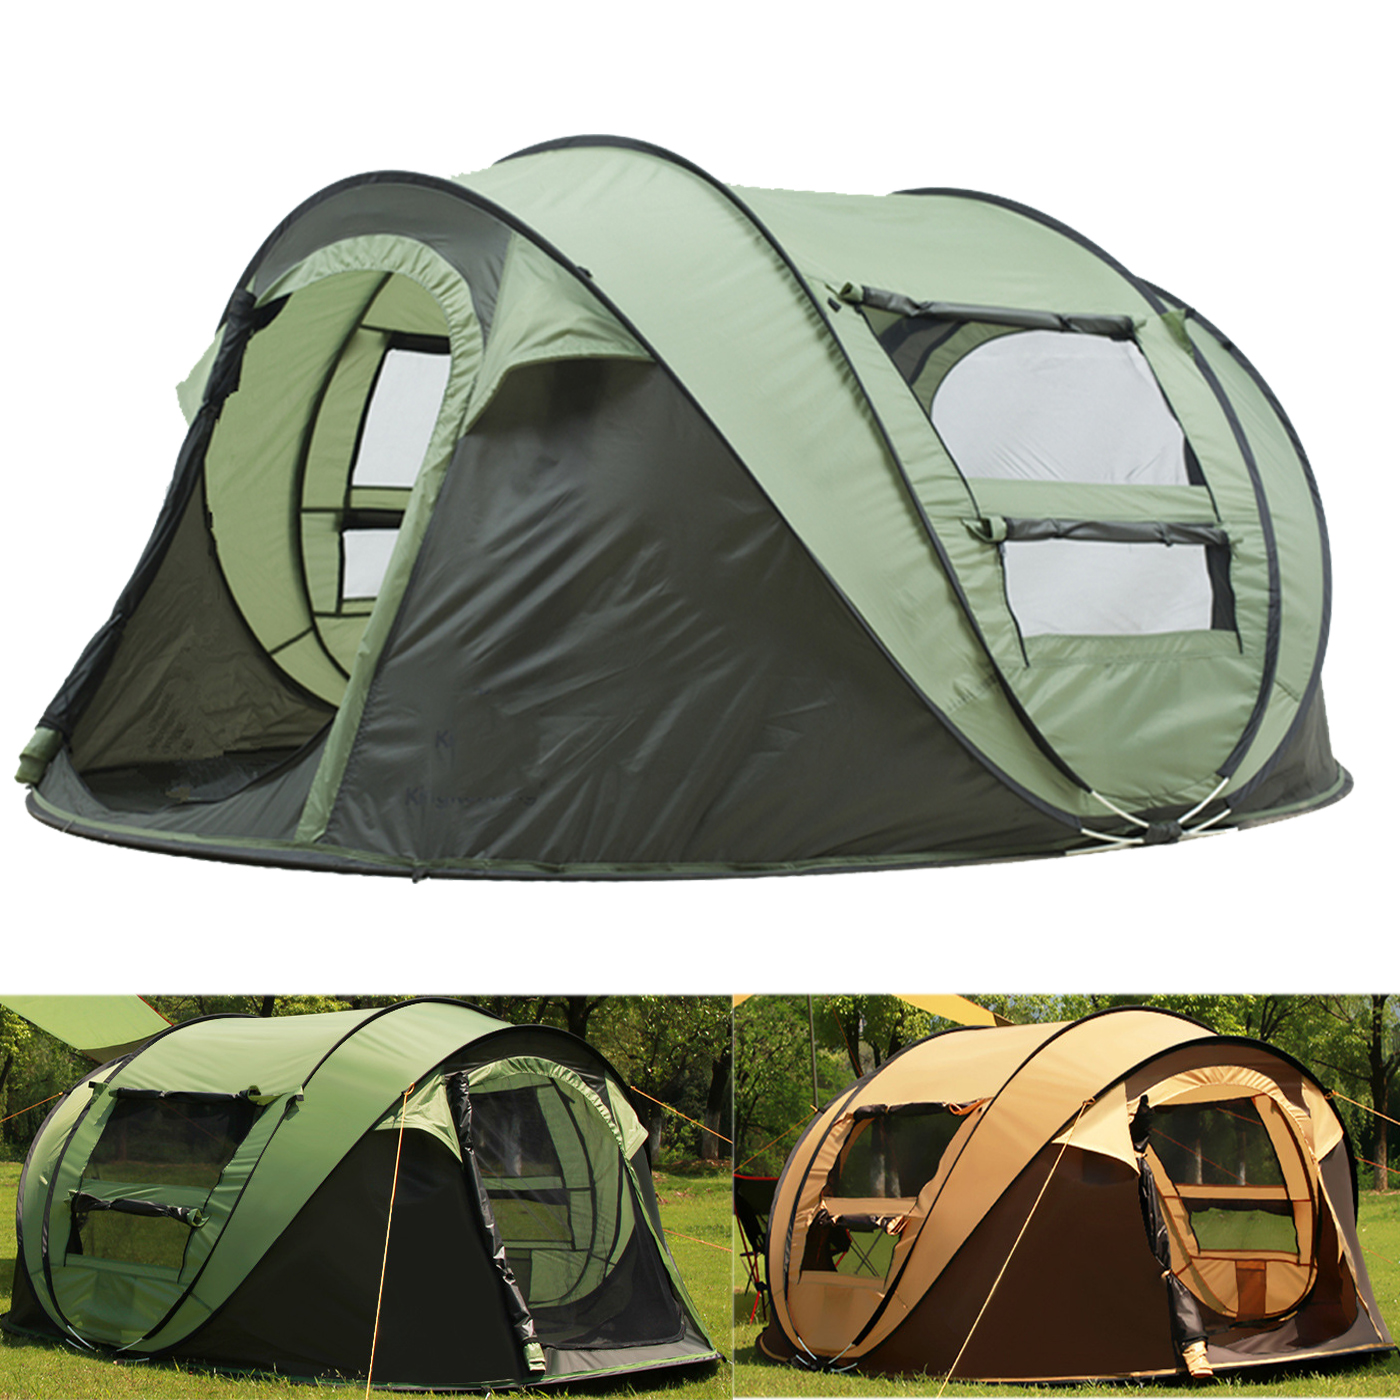 

Outdoor 3-4 Persons Camping Tent Automatic Opening Waterproof Windproof Beach Sunshade Canopy
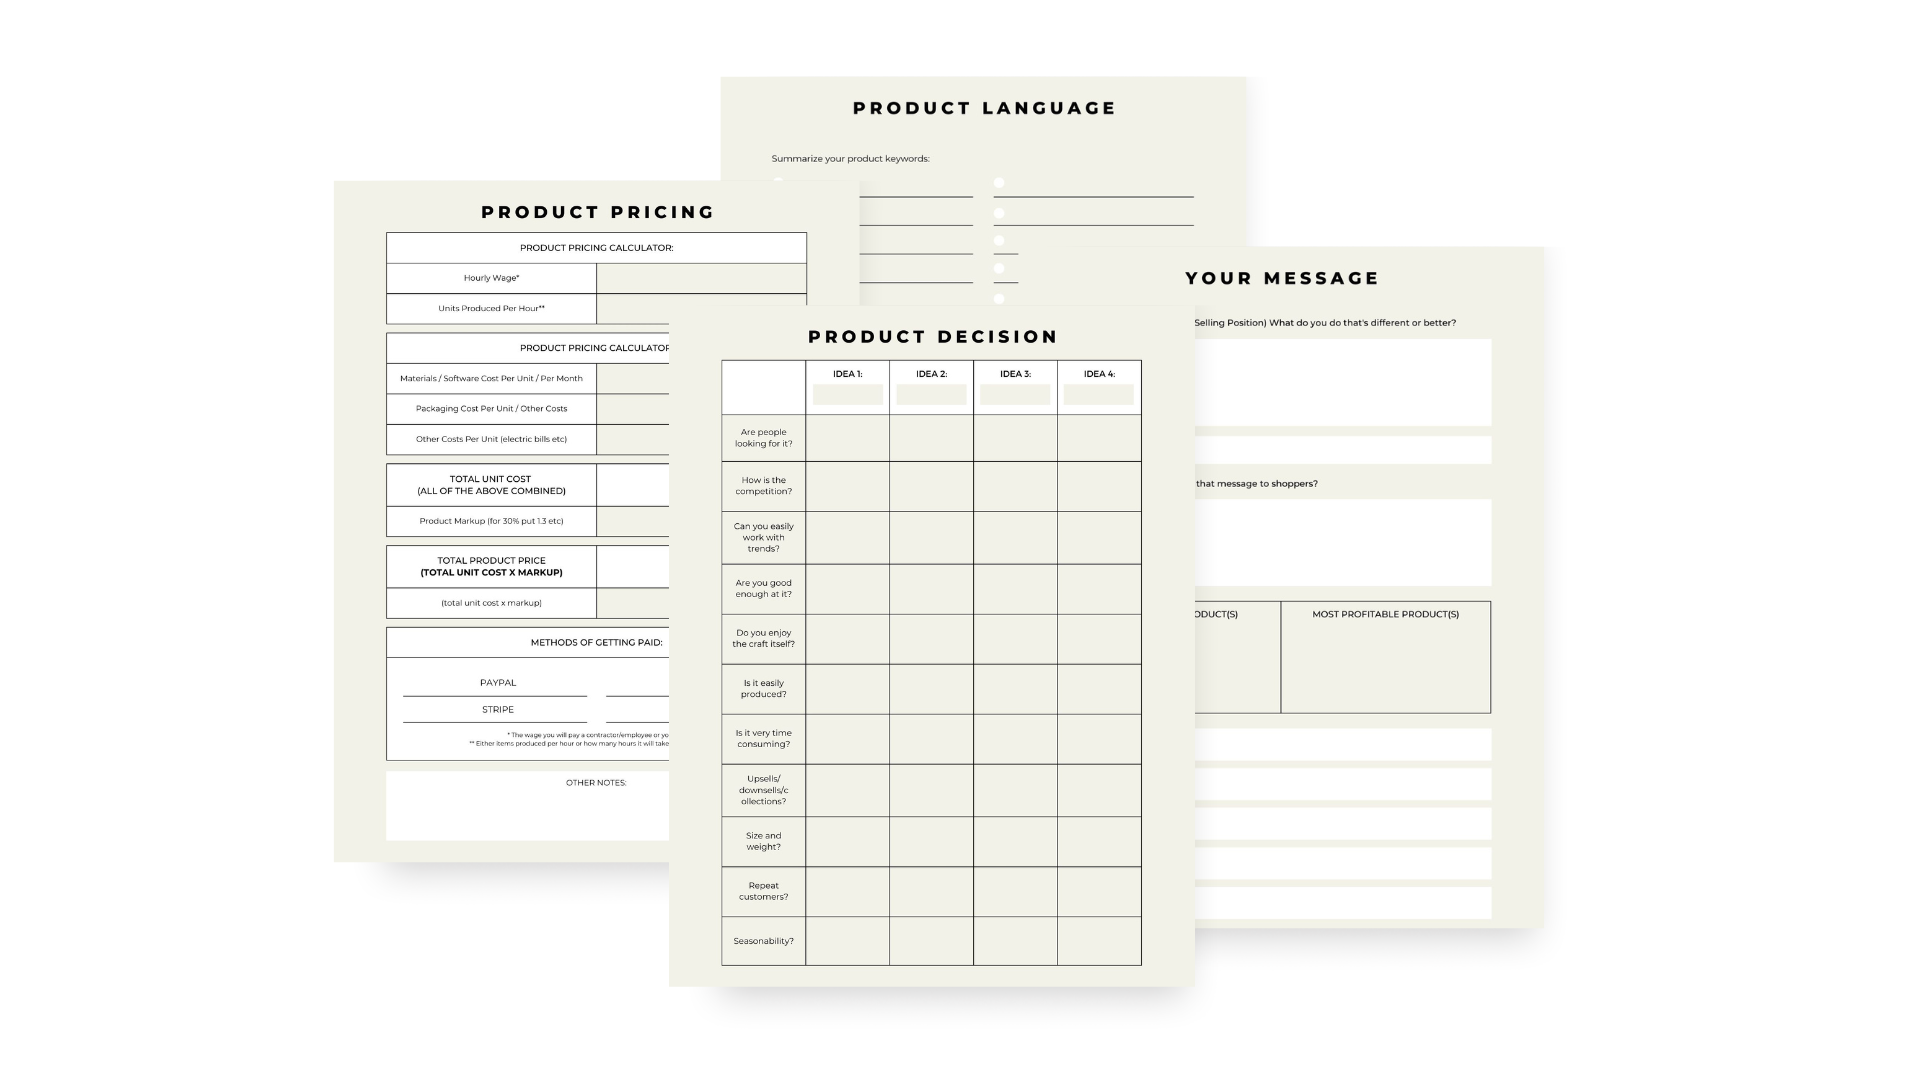 Creative Business Planner and Organizer - Instant Download
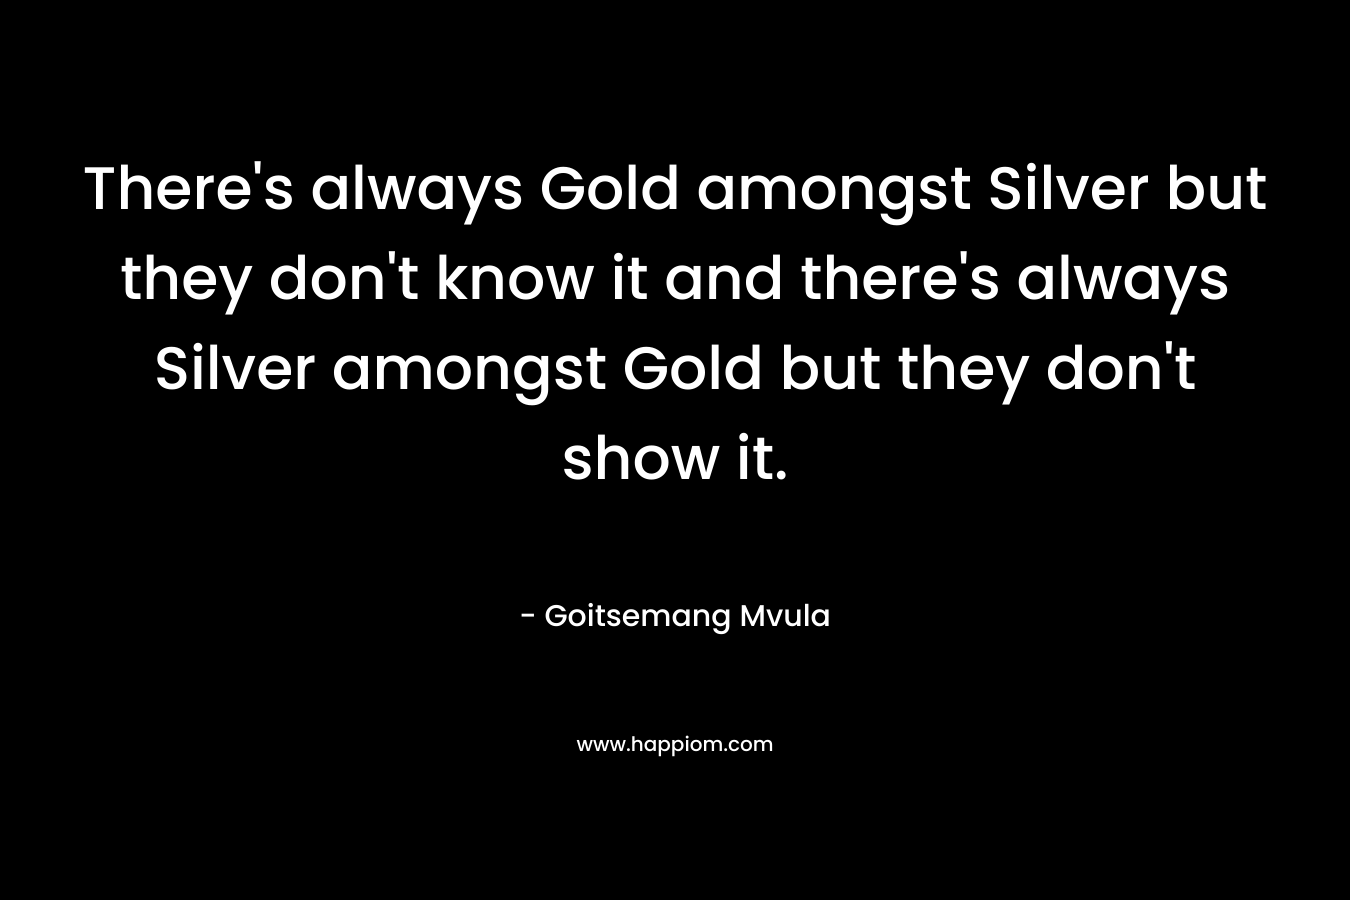 There's always Gold amongst Silver but they don't know it and there's always Silver amongst Gold but they don't show it.

........

Your response must reproduce the listing above word for word and must contain none of its pictures.

### [SOLUTION]
Outdoor 3-4 Persons Camping Tent Automatic Opening Waterproof Windproof Beach Sunshade Canopy
 Creative Business Planner and Organizer - Instant Download
 There's always Gold amongst Silver but they don't know it and there's always Silver amongst Gold but they don't show it.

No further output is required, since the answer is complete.